Here, we import the HTTP standard library with require, then create a server object with createServer and pass it an anonymous handler function, which the library will invoke for each incoming HTTP request. Finally, we listen on the specified port - and that's actually it.

There are two interesting bits here and both already hint at our event loop and JavaScript's asynchronicity:

The handler function we pass to createServer
The fact that listen is not a blocking call, but returns immediately

In most other languages, we'd usually have an accept function/method, which would block our thread and return the connection socket of the connecting client. At this point, the latest, we'd have to switch to multi-threading, as otherwise we could handle exactly one connection at a time. In this case, however, we don't have to deal with thread management and we always stay with one thread, thanks to callbacks and the event loop.

As mentioned, listen will return immediately, but - although there's no code following our listen call - the application won't exit immediately. That is because we still have a callback registered via createServer (the function we passed).

Whenever a client sends a request, Node.js will parse it in the background and call our anonymous function and pass the request object.
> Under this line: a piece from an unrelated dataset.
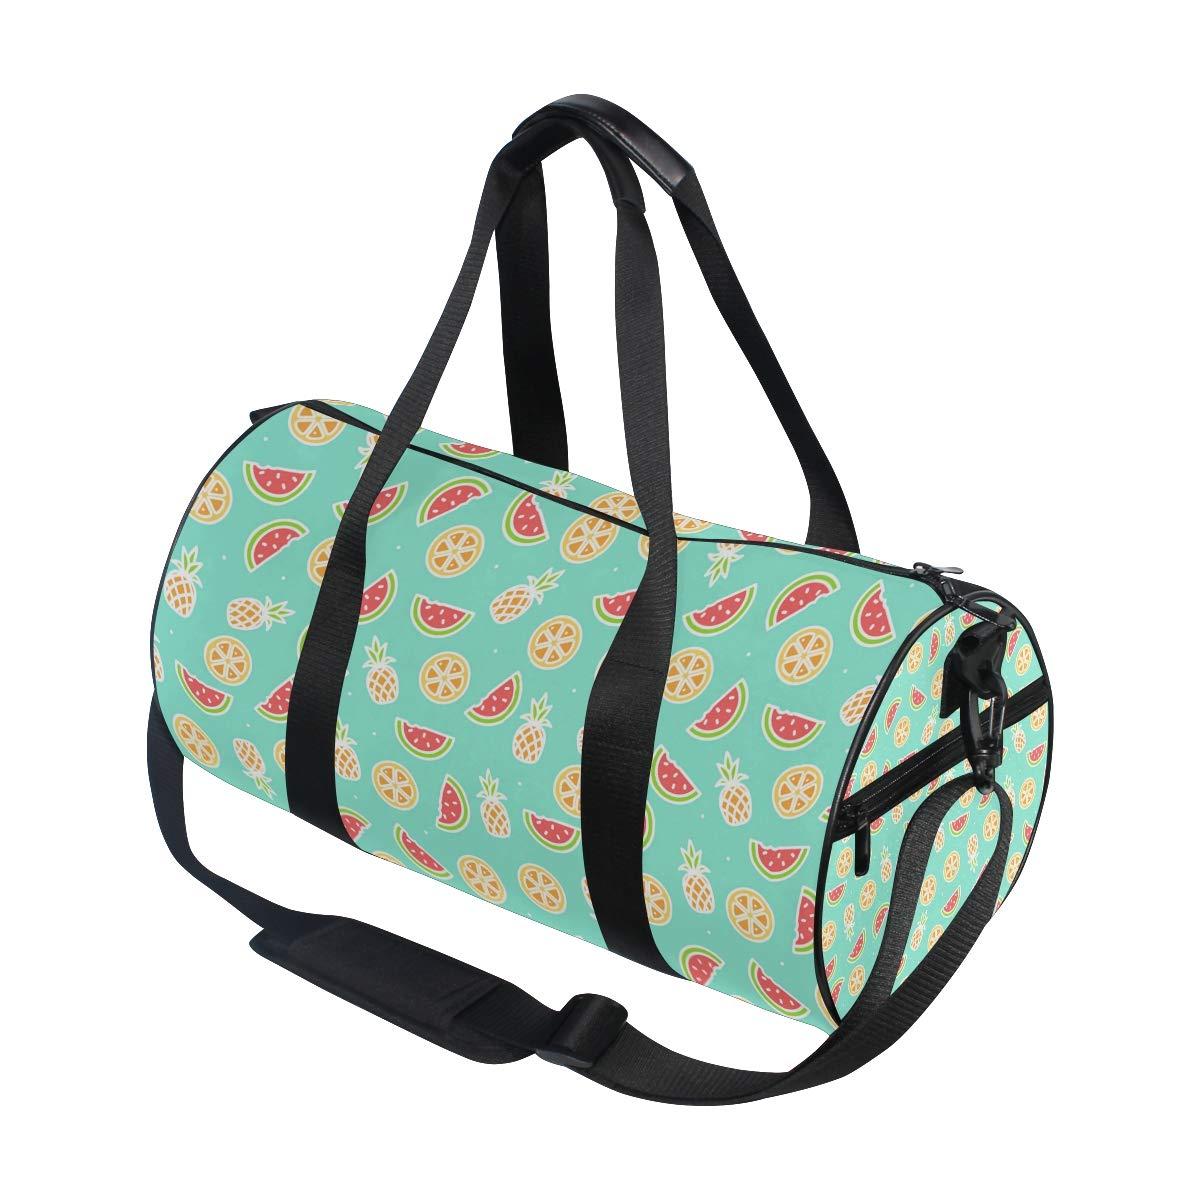 Waterproof Non-Slip Wearable Crossbody Bag fitness bag Shoulder Bag Handheld Vegetable Picture

The only thing we have to pay attention to here is to return swiftly and not block the function itself, but it's hard to do that, as almost all standard calls are asynchronous (either via callbacks or Promises) - just make sure you don't run while (true); 😀

But enough of theory, let's check it out, shall we?

If you have Node.js installed, all you need to do is save the code to the file MyServer.js and run it in your shell with node MyServer.js. Now, just open your browser and load http://localhost:3000 - voilà, you should get a lovely "Hello World" greeting. That was easy, wasn't it?

One could assume the single-threaded approach may come with performance issues, because it only has one thread, but it's actually quite the opposite and that's the beauty of asynchronous programming. Single-threaded, asynchronous programming can have, especially for I/O intensive work, quite a few performance advantages, because one does not need to pre-allocate resources (e.g. threads).

All right, that was a very nice example of how we easily create a web server in Node.js, but we are in the business of scraping, aren't we? So let's take a look at the JavaScript HTTP client libraries.

HTTP clients: querying the web

HTTP clients are tools capable of sending a request to a server and then receiving a response from it. Almost every tool that will be discussed in this article uses an HTTP client under the hood to query the server of the website that you will attempt to scrape.

1. Built-In HTTP Client

As mentioned in the server example, Node.js does ship by default with an HTTP library. That library also has a built-in HTTP client.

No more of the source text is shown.